After she returned to university to complete her masters degree in international law, Mahbooba recalls the “heartbreaking” day she was en route to university to defend her dissertation research for her masters, when she received an alarming phone call.
“I thought that was the end of life, because it took us nearly two decades to work very hard, to study, to face all the challenges, to cross all the barriers, and to be the person that we wanted to be.
“We worked a lot for our goals. The dreams that I had since my childhood, the dream of becoming a lawyer in the future, all just wiped out in a blink of an eye.”
That day marked one of the toughest moments for the family. Making the decision to once again flee their home country, Mahbooba was forced to leave behind their family home, taking just one backpack as a memory of the life she was again having to abandon.

“In the period of 20 years, we worked tirelessly, to build a beautiful house for ourselves and from that huge house I took only one backpack.”
With Irish visas secured, the family went into hiding for a week before making the risky journey to the airport, heightened by the sense of chaos in the country. Mahbooba said:
Amid the severe overcrowding and sheer panic in the airport, the family were among hundreds of hopefuls that successfully secured a spot on a plane headed out of the country, all huddled together to fit as many people in as they could.
The family travelled to Doha and Germany before landing in Ireland, where they were housed in a direct provision centre in Mosney, Co Meath, for three months.

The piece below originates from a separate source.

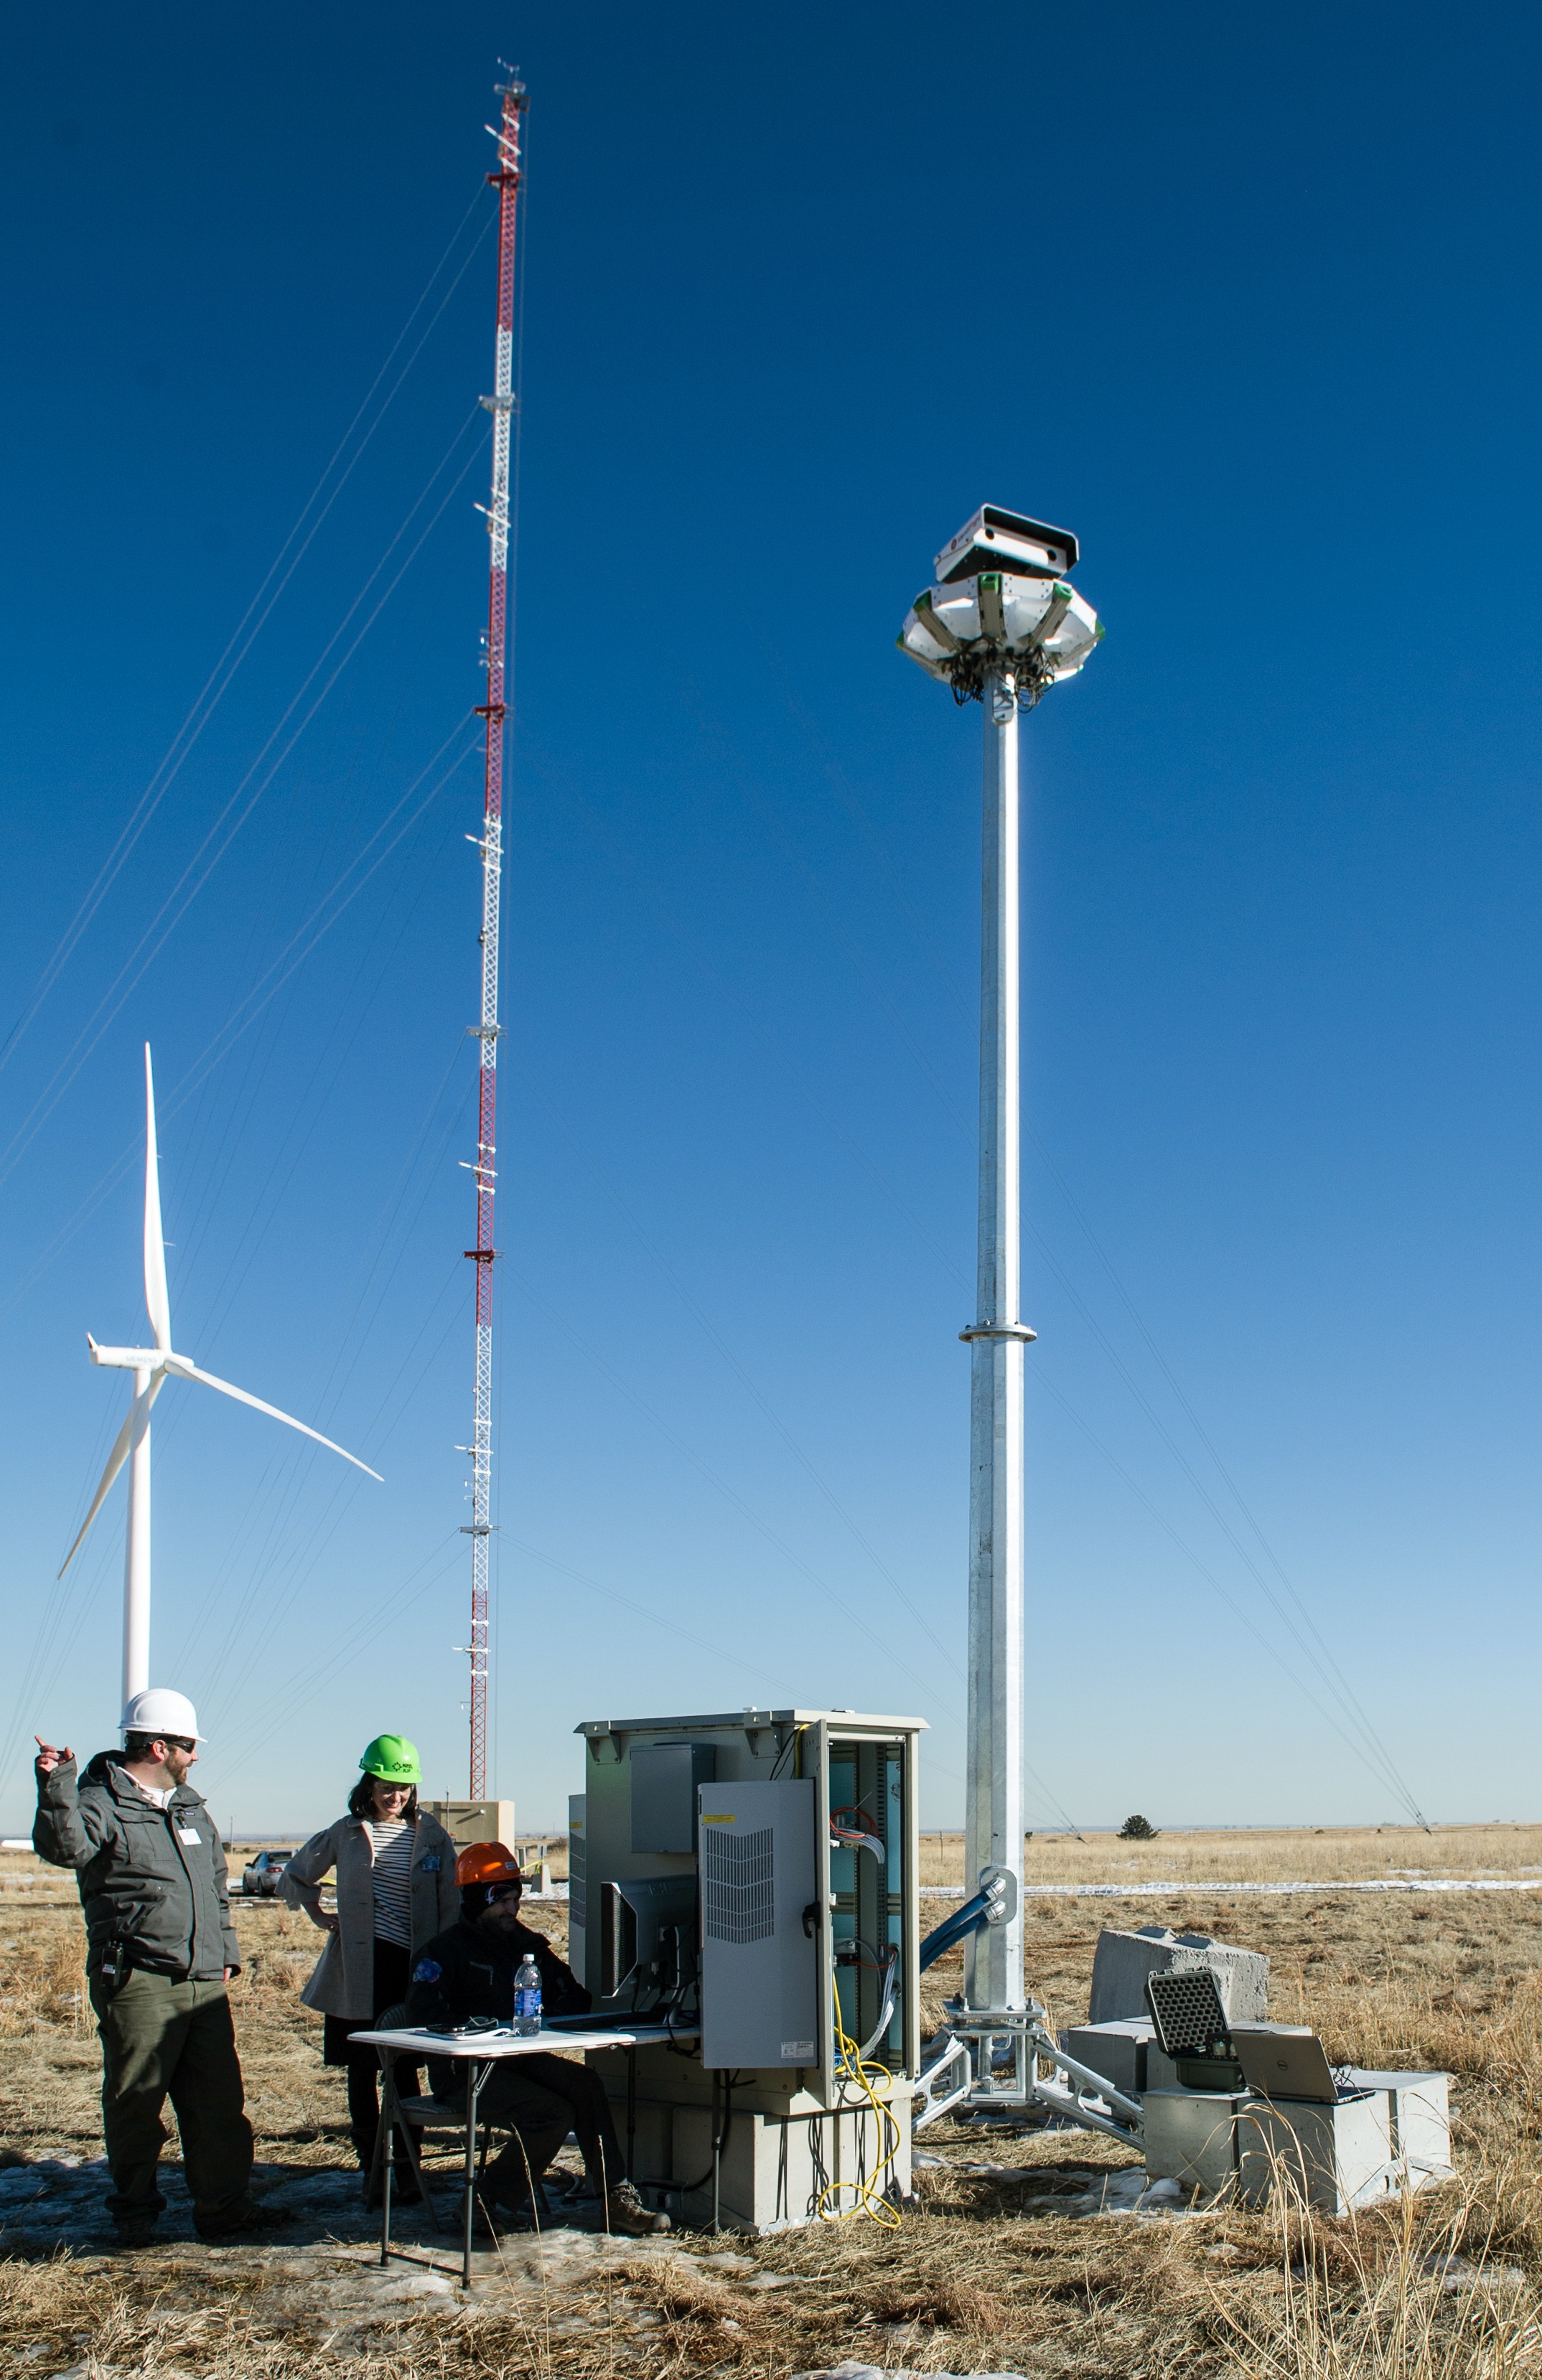 Two people in hard hats standing next to electrical devices on the ground and on a pole with a wind turbine in the background

They were then offered a community house in Waterford, where they reside today.
Mahbooba is currently enrolled in University College Cork (UCC) for her second masters degree in law, while working as a legal secretary in Cork City law firm RDJ.
“I’m immensely grateful that we are able to live a peaceful life and my son is growing up in a peaceful country,” she said.
“He’s able to get a good quality education in Ireland. I’m able to work here, to have the freedom of choice, I’m able to travel without any male chaperone, and I’m able to wear the clothes that I like to.
“At the same time, I’m very, very sad about women in Afghanistan who are deprived of all these basic rights.”
This compassion and understanding for her country’s history led Mahbooba to discover the United Against Gender Apartheid campaign, which has been launched globally by a group of Afghan and Iranian women’s rights activists.

The group of like-minded individuals aim to raise awareness and push for the term “gender apartheid” to be incorporated in Article 2 of the draft Crimes Against Humanity Convention.
As of April 2024, 10 UN member states have expressed openness to exploring the codification of the crime of gender apartheid in the treaty.
Although Ireland has spoken in favour of this decision, as of now it has yet to directly support the inclusion of gender apartheid as a crime against humanity.
“Women’s rights activists and United Nations experts believe that the way the Taliban are treating women is more than just the discrimination against women,” Mahbooba added. “It is the dehumanisation of women.”
She hopes that the term is either included in the convention or criminalised in order to “hold the Taliban accountable” for the persistent mistreatment of women.
“It’s not only an issue for Afghan women or Iranian women, but it can also happen everywhere,” Mahbooba told the Irish Examiner.
“We urge the Irish Government not to forget the women of Afghanistan.”